What is going on in India is also going on, more or less, all over
the East; but I have spoken of India chiefly because I cannot help
thinking that we ourselves are responsible for what is happening
there. Chance-hap has made us the lords of many millions out there;
surely, it behoves us to look to it, lest we give to the people whom
we have made helpless scorpions for fish and stones for bread.
But since neither on this side, nor on any other, can art be
amended, until the countries that lead civilisation are themselves
in a healthy state about it, let us return to the consideration of
its condition among ourselves. And again I say, that obvious as is
that surface improvement of the arts within the last few years, I
fear too much that there is something wrong about the root of the
plant to exult over the bursting of its February buds.
I have just shown you for one thing that lovers of Indian and
Eastern Art, including as they do the heads of our institutions for
art education, and I am sure many among what are called the
governing classes, are utterly powerless to stay its downward
course. The general tendency of civilisation is against them, and
is too strong for them.
Again, though many of us love architecture dearly, and believe that
it helps the healthiness both of body and soul to live among
beautiful things, we of the big towns are mostly compelled to live
in houses which have become a byword of contempt for their ugliness
and inconvenience. The stream of civilisation is against us, and we
cannot battle against it.
Once more those devoted men who have upheld the standard of truth
and beauty amongst us, and whose pictures, painted amidst
difficulties that none but a painter can know, show qualities of
mind unsurpassed in any age--these great men have but a narrow
circle that can understand their works, and are utterly unknown to
the great mass of the people: civilisation is so much against them,
that they cannot move the people.
Therefore, looking at all this, I cannot think that all is well with
the root of the tree we are cultivating. Indeed, I believe that if
other things were but to stand still in the world, this improvement
before mentioned would lead to a kind of art which, in that
impossible case, would be in a way stable, would perhaps stand still
also. This would be an art cultivated professedly by a few, and for
a few, who would consider it necessary--a duty, if they could admit
duties--to despise the common herd, to hold themselves aloof from
all that the world has been struggling for from the first, to guard
carefully every approach to their palace of art. It would be a pity
to waste many words on the prospect of such a school of art as this,
which does in a way, theoretically at least, exist at present, and
has for its watchword a piece of slang that does not mean the
harmless thing it seems to mean--art for art's sake. Its fore-
doomed end must be, that art at last will seem too delicate a thing
for even the hands of the initiated to touch; and the initiated must
at last sit still and do nothing--to the grief of no one.

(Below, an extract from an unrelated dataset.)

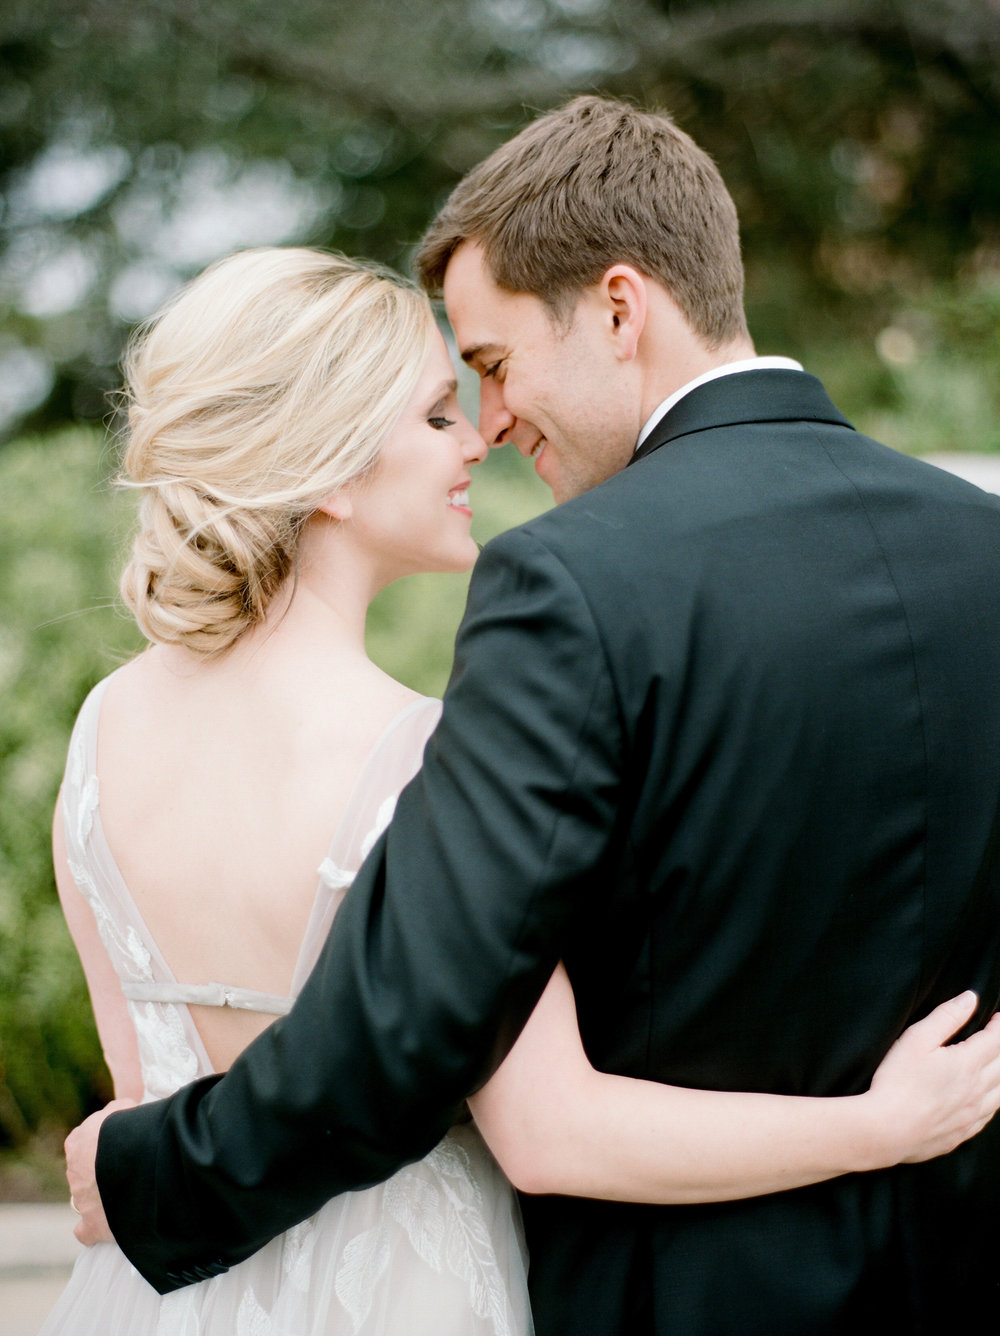 McGovern-Centennial-Gardens-Houston-Texas-Wedding-Venue-Josh-Dana-Fernandez-Photography-Film-Destination-Fine-Art-Luxury-Top-Best-Austin-Dallas-Magnolia-Rouge-Jennifer-Laura-Design-1.jpg

Well, certainly, if I thought you were come here to further such an
art as this I could not have stood up and called you FRIENDS; though
such a feeble folk as I have told you of one could scarce care to
call foes.
Yet, as I say, such men exist, and I have troubled you with speaking
of them, because I know that those honest and intelligent people,
who are eager for human progress, and yet lack part of the human
senses, and are anti-artistic, suppose that such men are artists,
and that this is what art means, and what it does for people, and
that such a narrow, cowardly life is what we, fellow-handicraftsmen,
aim at. I see this taken for granted continually, even by many who,
to say truth, ought to know better, and I long to put the slur from
off us; to make people understand that we, least of all men, wish to
widen the gulf between the classes, nay, worse still, to make new
classes of elevation, and new classes of degradation--new lords and
new slaves; that we, least of all men, want to cultivate the 'plant
called man' in different ways--here stingily, there wastefully: I
wish people to understand that the art we are striving for is a good
thing which all can share, which will elevate all; in good sooth, if
all people do not soon share it there will soon be none to share; if
all are not elevated by it, mankind will lose the elevation it has
gained. Nor is such an art as we long for a vain dream; such an art
once was in times that were worse than these, when there was less
courage, kindness, and truth in the world than there is now; such an
art there will be hereafter, when there will be more courage,
kindness, and truth than there is now in the world.
Let us look backward in history once more for a short while, and
then steadily forward till my words are done: I began by saying
that part of the common and necessary advice given to Art students
was to study antiquity; and no doubt many of you, like me, have done
so; have wandered, for instance, through the galleries of the
admirable museum of South Kensington, and, like me, have been filled
with wonder and gratitude at the beauty which has been born from the
brain of man. Now, consider, I pray you, what these wonderful works
are, and how they were made; and indeed, it is neither in
extravagance nor without due meaning that I use the word 'wonderful'
in speaking of them. Well, these things are just the common
household goods of those past days, and that is one reason why they
are so few and so carefully treasured. They were common things in
their own day, used without fear of breaking or spoiling--no
rarities then--and yet we have called them 'wonderful.'
And how were they made? Did a great artist draw the designs for
them--a man of cultivation, highly paid, daintily fed, carefully
housed, wrapped up in cotton wool, in short, when he was not at
work? By no means. Wonderful as these works are, they were made by
'common fellows,' as the phrase goes, in the common course of their
daily labour. Such were the men we honour in honouring those works.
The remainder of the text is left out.